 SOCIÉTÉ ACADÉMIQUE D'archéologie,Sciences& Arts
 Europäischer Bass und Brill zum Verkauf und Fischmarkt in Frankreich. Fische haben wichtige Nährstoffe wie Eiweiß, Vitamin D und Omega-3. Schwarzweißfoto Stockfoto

* * *

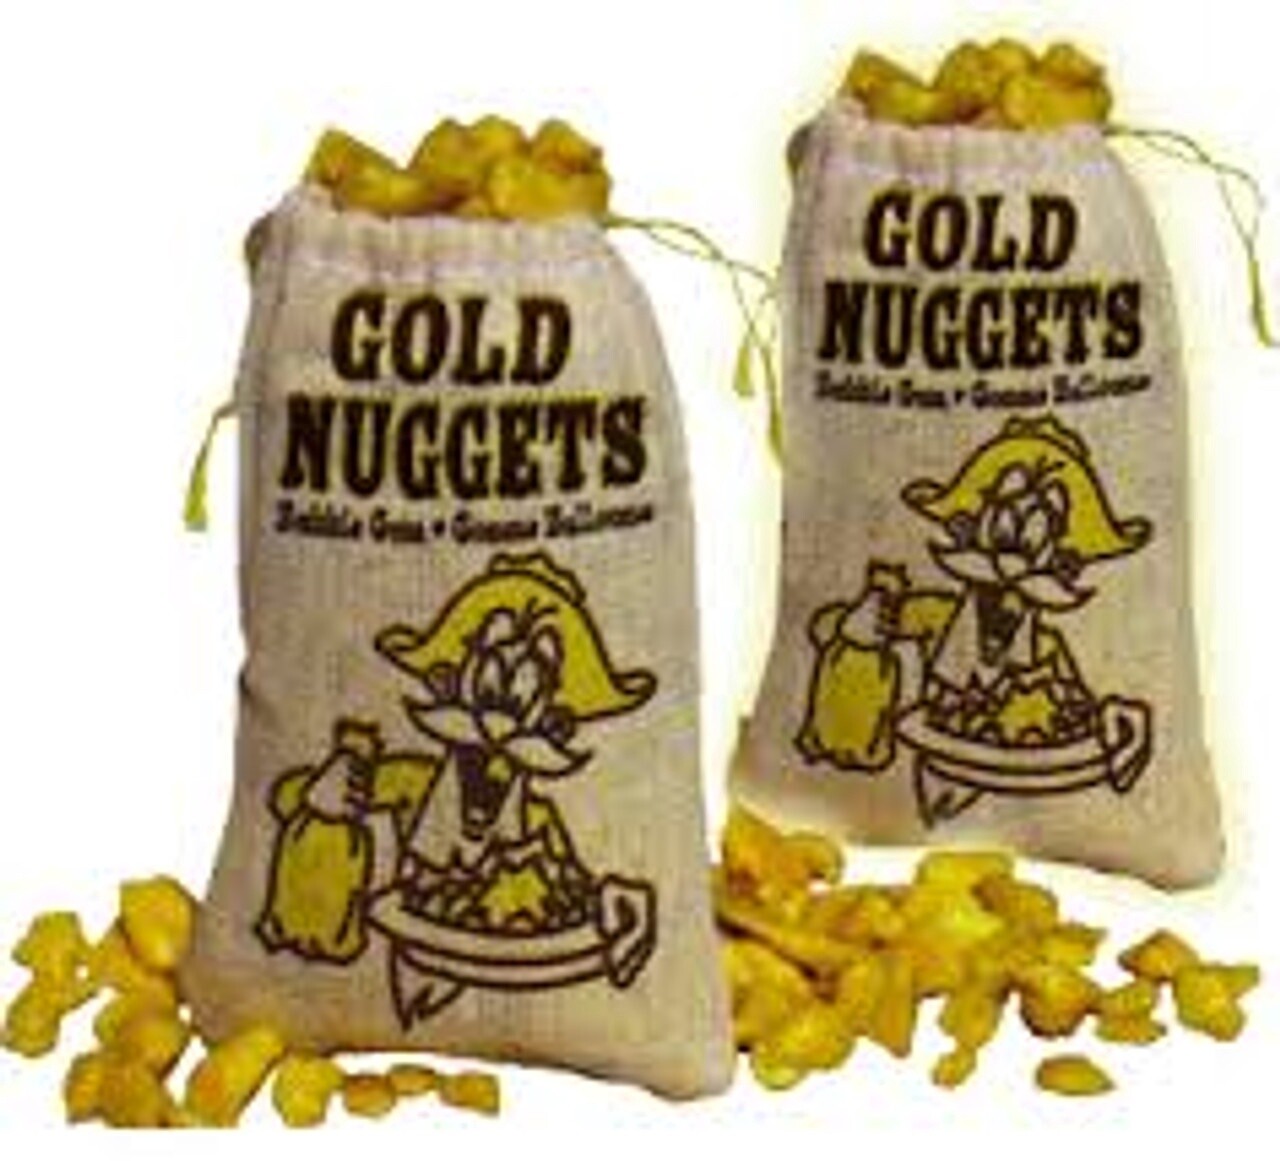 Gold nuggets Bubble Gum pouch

---

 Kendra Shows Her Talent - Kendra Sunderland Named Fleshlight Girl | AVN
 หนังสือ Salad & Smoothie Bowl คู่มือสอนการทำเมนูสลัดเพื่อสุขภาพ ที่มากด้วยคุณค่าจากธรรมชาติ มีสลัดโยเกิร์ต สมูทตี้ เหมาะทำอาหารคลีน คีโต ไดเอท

Exercise = Give an exact copy of the lines above from the line with "SOCIÉTÉ ACADÉMIQUE D'archéologie,Sciences&" up to and including the line with "Europäischer Bass und", and leave everything else out.

Exercise answer =
 SOCIÉTÉ ACADÉMIQUE D'archéologie,Sciences& Arts
 Europäischer Bass und Brill zum Verkauf und Fischmarkt in Frankreich. Fische haben wichtige Nährstoffe wie Eiweiß, Vitamin D und Omega-3. Schwarzweißfoto Stockfoto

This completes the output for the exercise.